**Your goal**
Give a verbatim copy of the lines below, minus the pictures.

**Collected material**
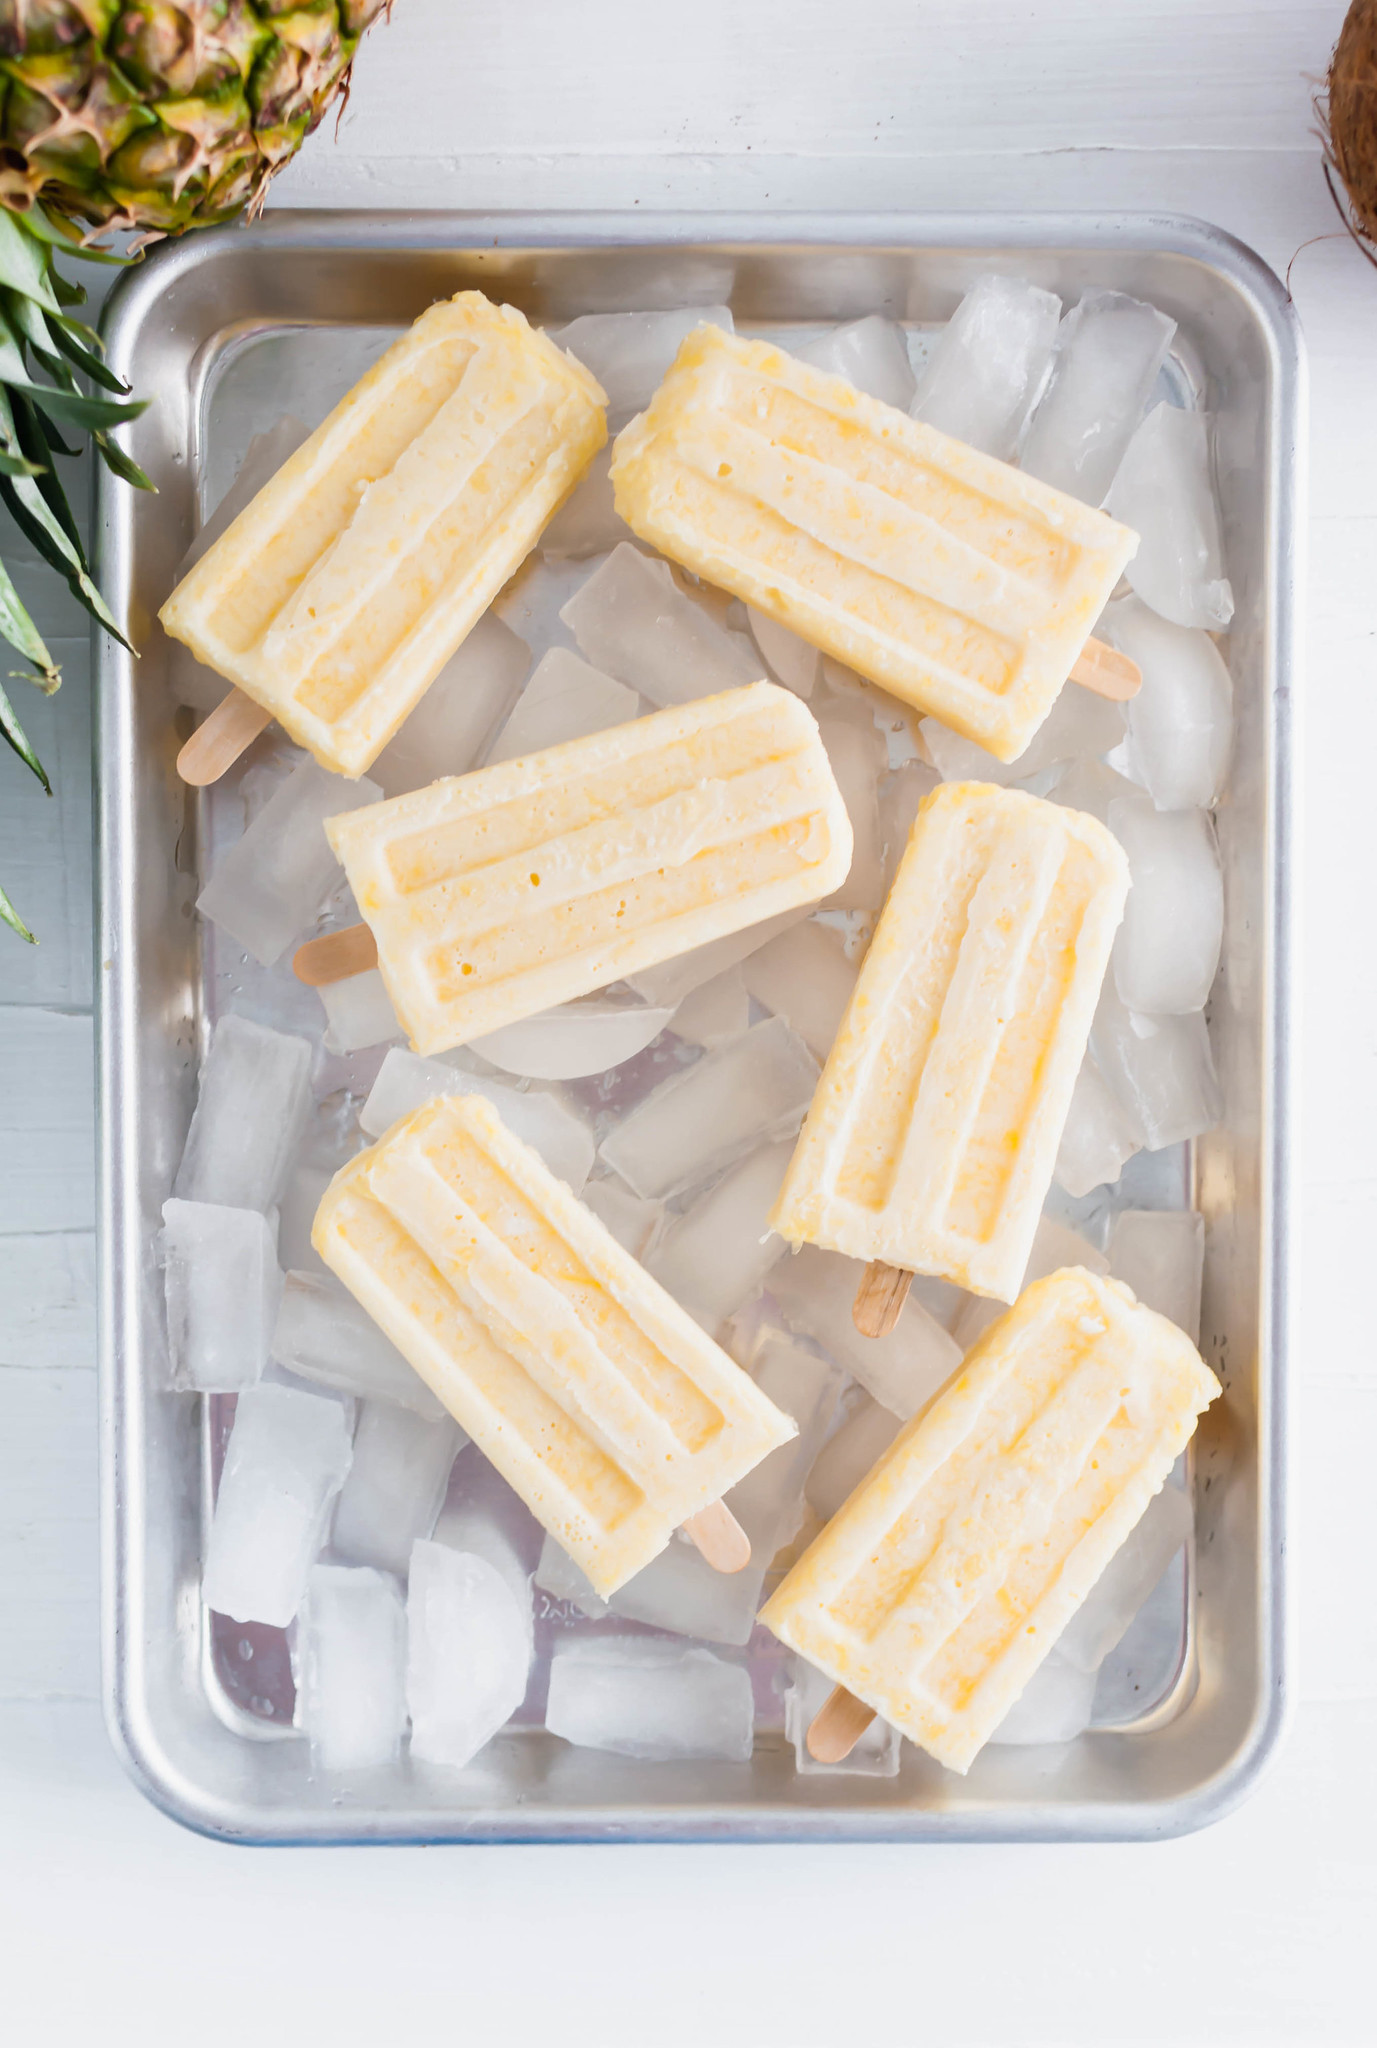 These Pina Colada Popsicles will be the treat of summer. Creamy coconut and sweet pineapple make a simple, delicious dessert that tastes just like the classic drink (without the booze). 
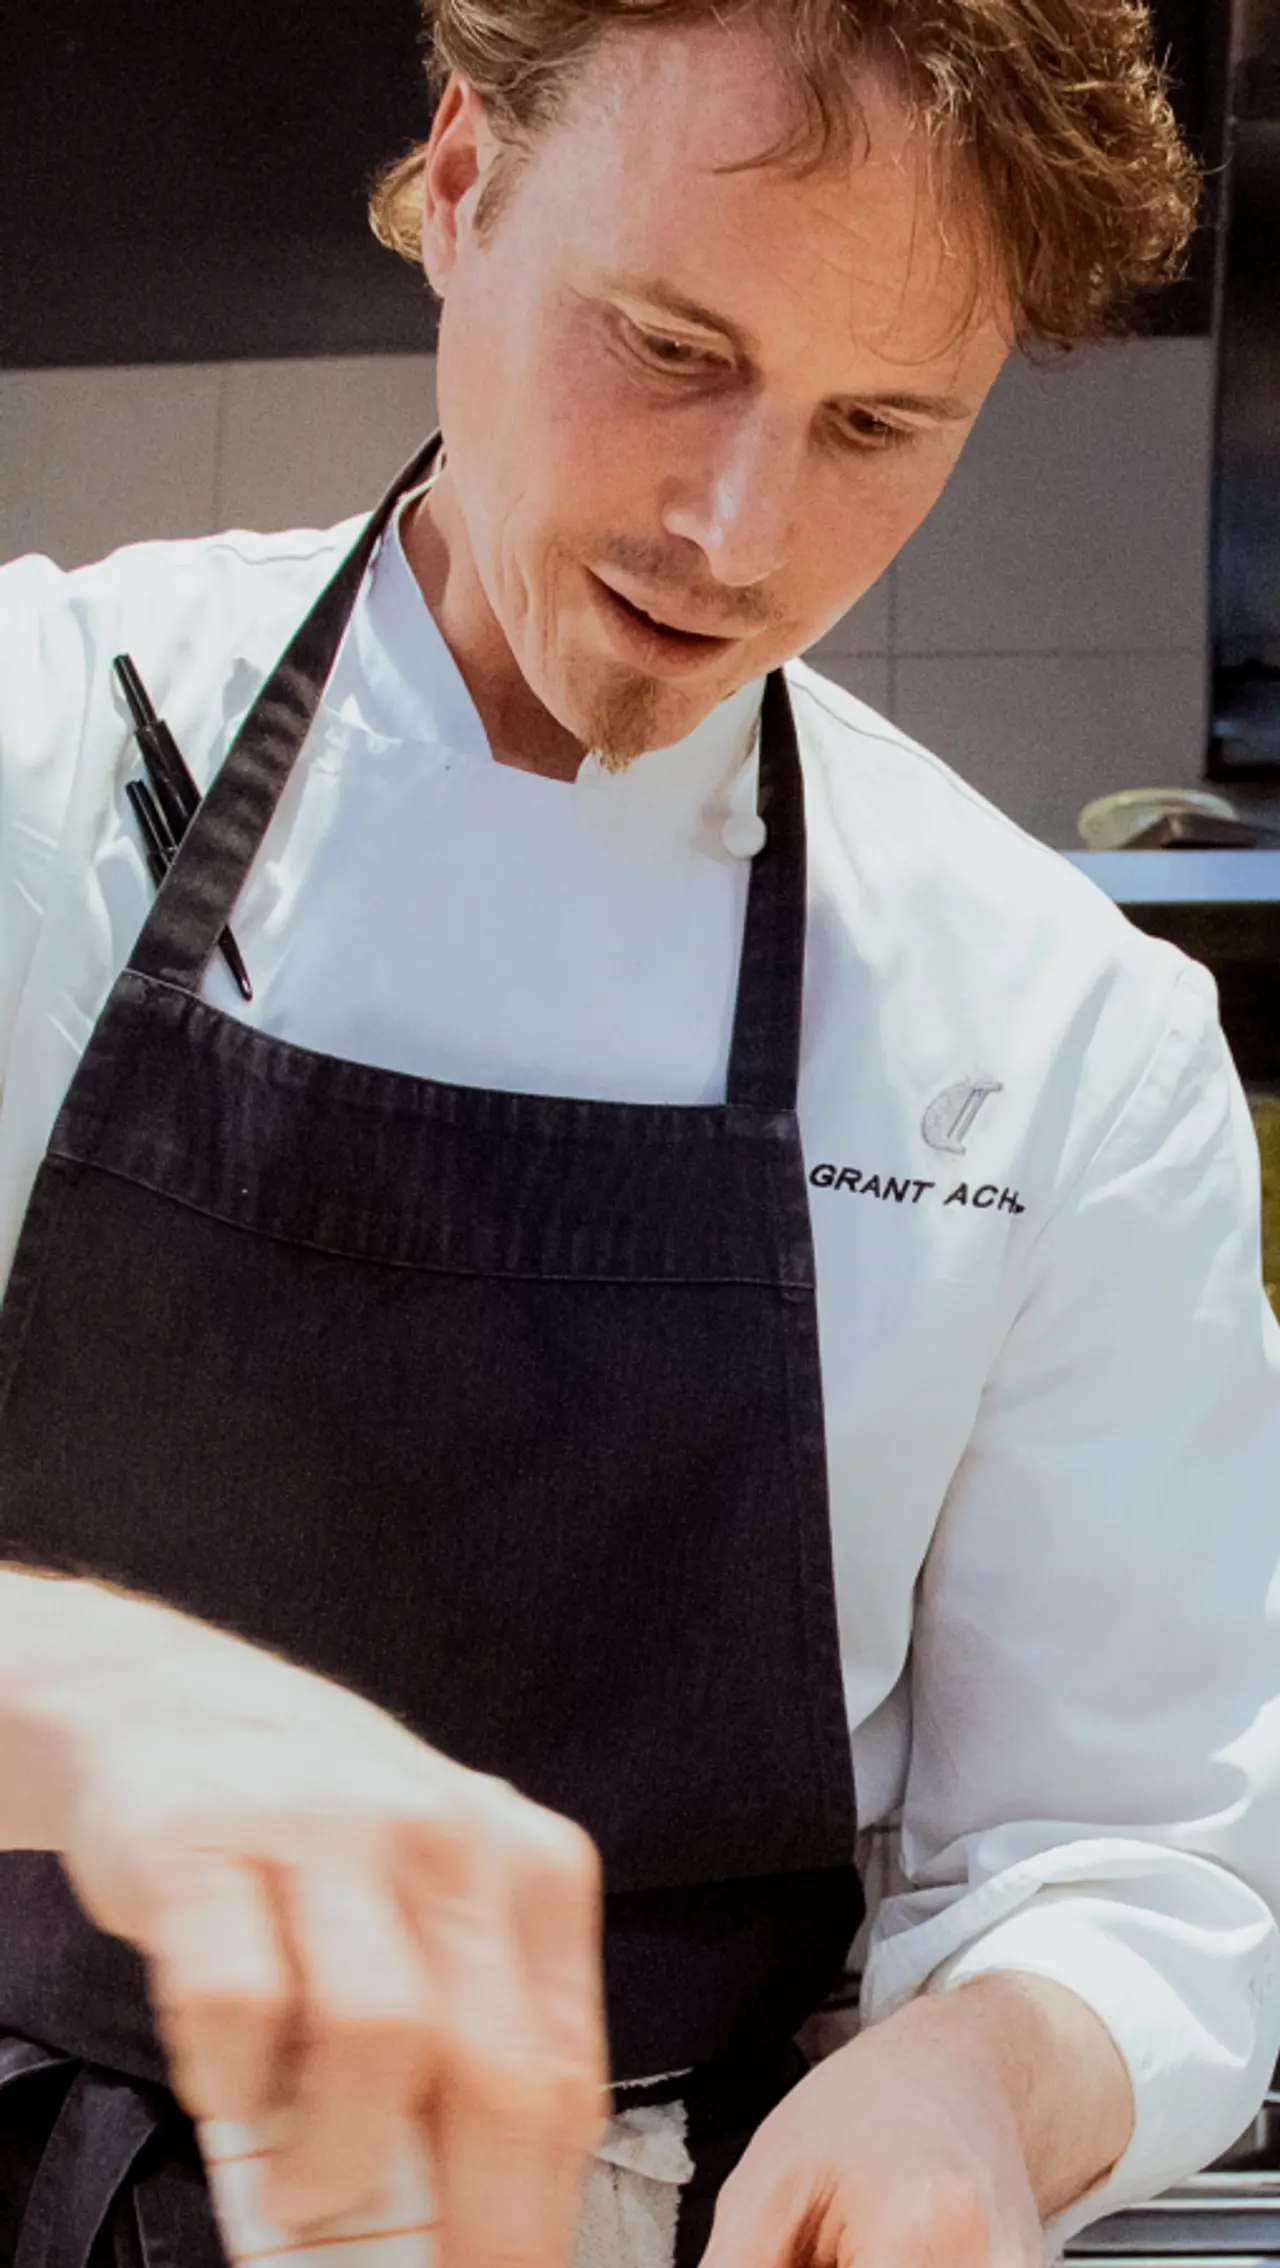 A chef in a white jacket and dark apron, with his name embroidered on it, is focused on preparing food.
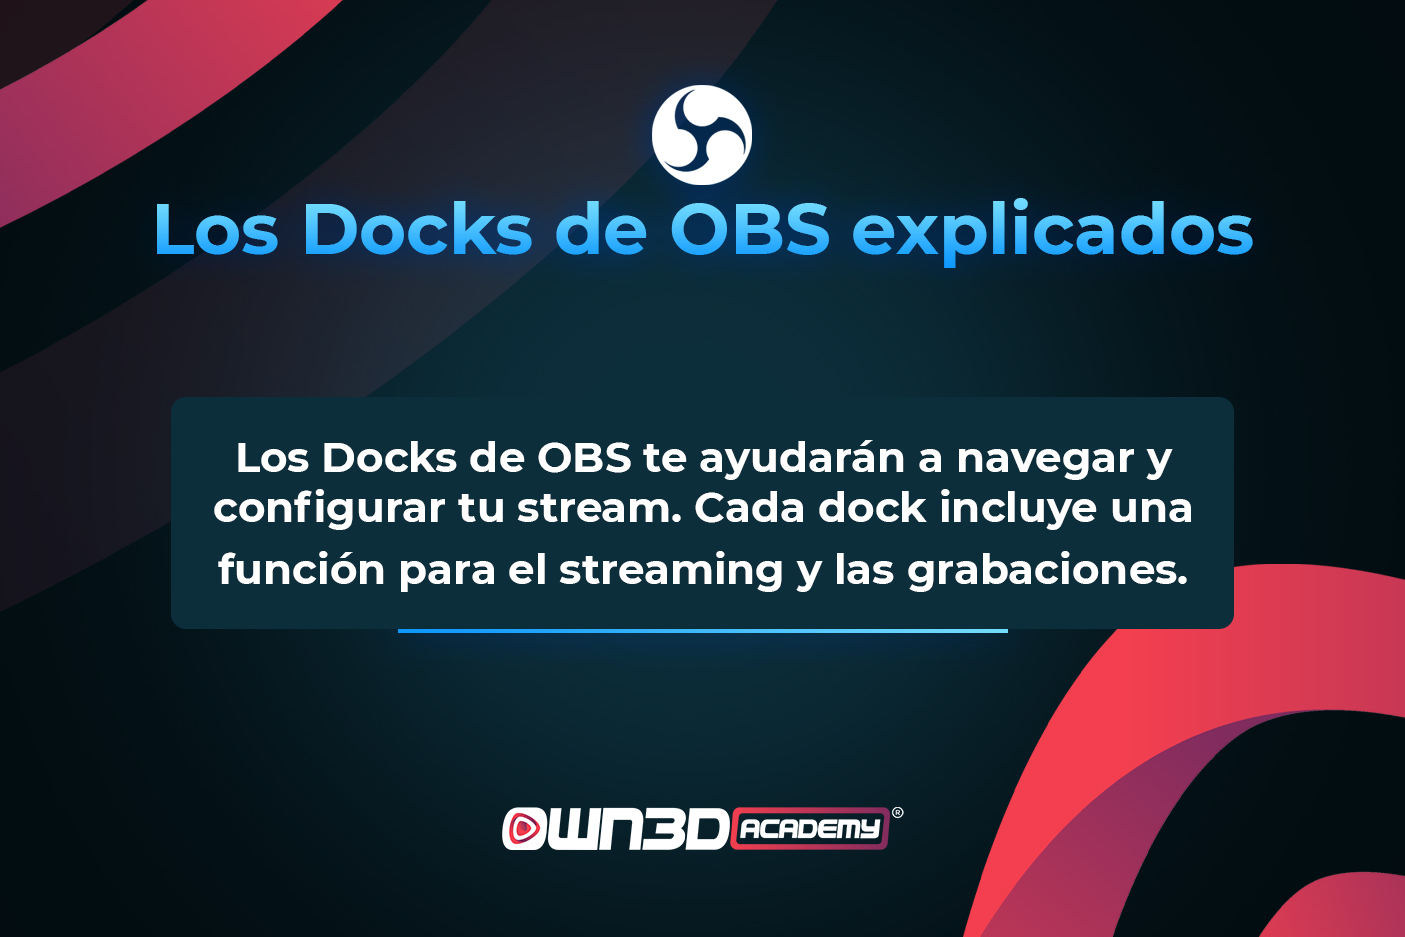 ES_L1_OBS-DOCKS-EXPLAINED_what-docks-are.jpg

**Your response**
 These Pina Colada Popsicles will be the treat of summer. Creamy coconut and sweet pineapple make a simple, delicious dessert that tastes just like the classic drink (without the booze). 
 A chef in a white jacket and dark apron, with his name embroidered on it, is focused on preparing food.
 ES_L1_OBS-DOCKS-EXPLAINED_what-docks-are.jpg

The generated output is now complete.